Friday has been a good day for a long time, not because it's the last day of the work week but because it's the first day of my writing week when I'm teaching. And now it's also the day of my piano lesson, which I always look forward to. I think the next thing I'm going to tackle on my own is Stormy Weather, an arrangement of which I have in a music book, that looks doable at this stage (i.e. slow), and upon which I can add frills once I get it down. I like to have another piano project other than the stuff we do in class.
I spent a lot of time during office hours yesterday taking notes on the Cold War, Berlin Wall, story. I think I have something. I'm combining two personal experiences -- the buddy who went ape when he got extended during the Berlin crisis, the other buddy who defected to East Germany with a lady spy -- and now I'm adding a third, the Nazis underbrush still in Germany in the early sixties. In my experience, it worked this way.

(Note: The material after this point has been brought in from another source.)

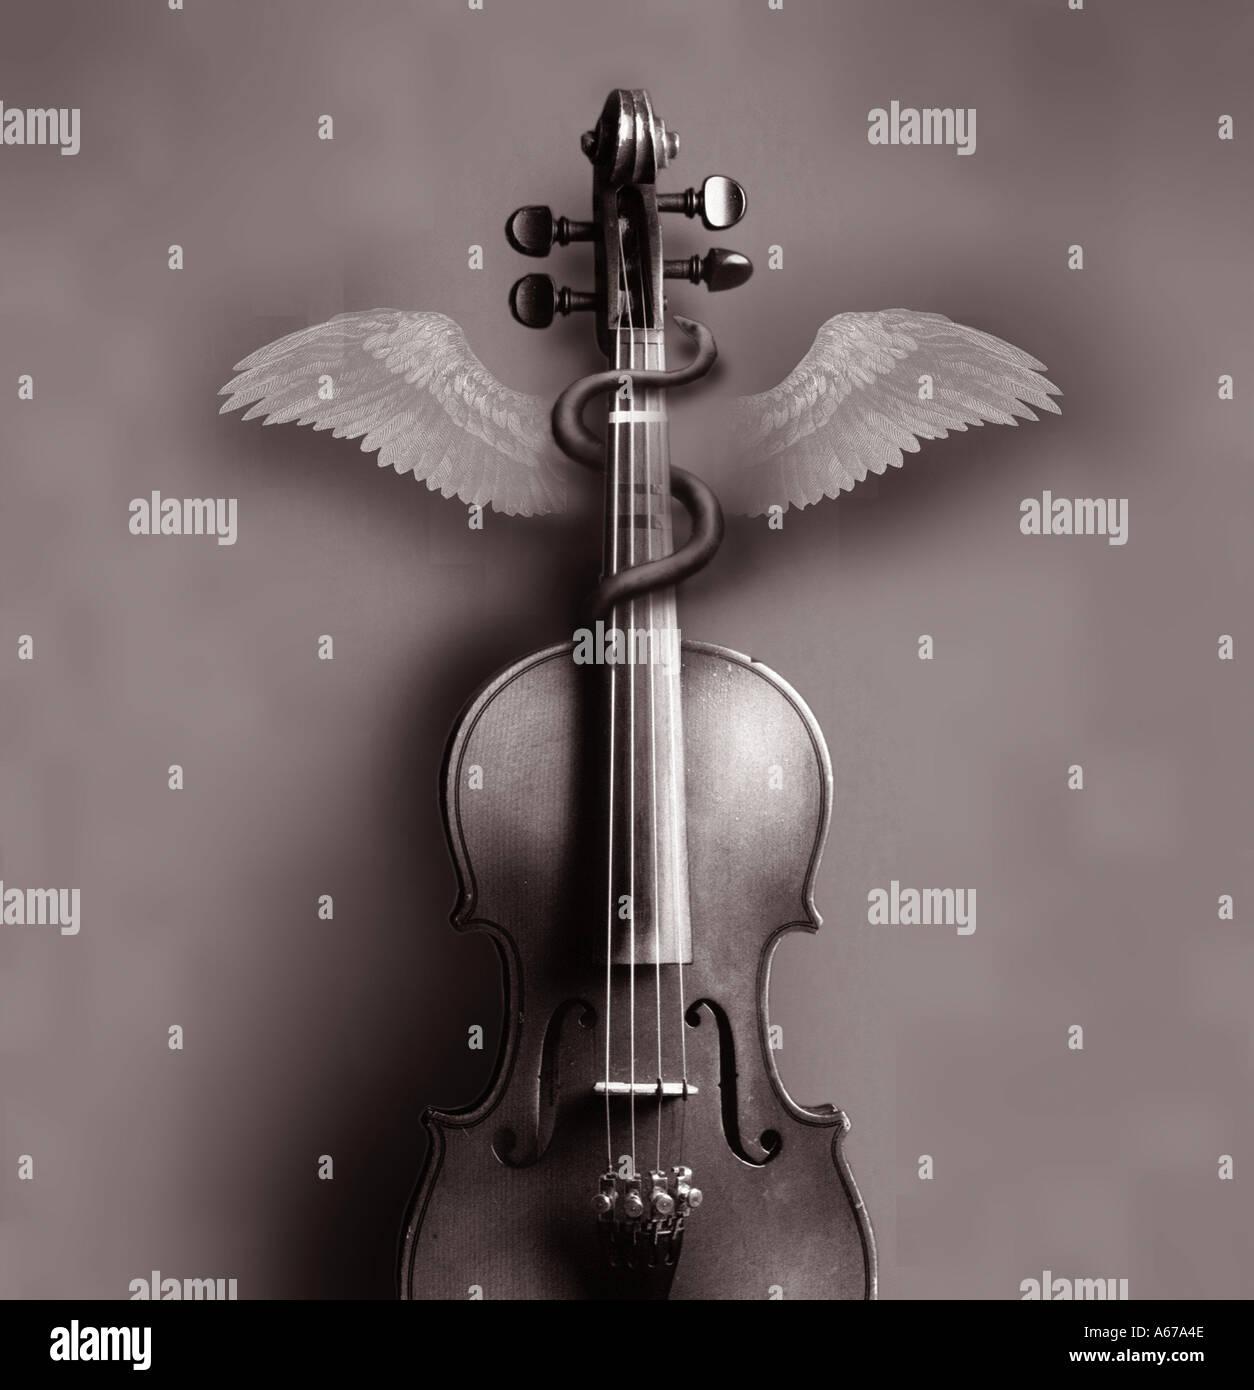 Abbildung-Musik und Medizin-Konzept-Violine und medizinischen symbol Stockbild

The German police made a last stop at a gasthaus near our base about 10p.m. After they were gone, the owner went to the jukebox and put on several banned Nazis marching songs! The local farmers who frequented the place really got off on that. Moreover, another buddy of mine had put several Hitler speeches to memory, and he'd stand up on a table and recite them with great vigor, to great applause, and the German farmers bought us beer all night long. We thought it was a hoot at the time. Sounds totally frightening to me now. At any rate, in my story there will be a secret Nazis club involved in this, which can add an element of danger after the war alert goes into effect.
So three personal experiences serve as the foundation of this story. Interesting how we borrow from our lives and use experience like putty to shape a story. What I end up with will have nothing to do on the surface with what really happened, and yet it begins with, and is based on, autobiographical memories. What remains is the emotional content of the experience.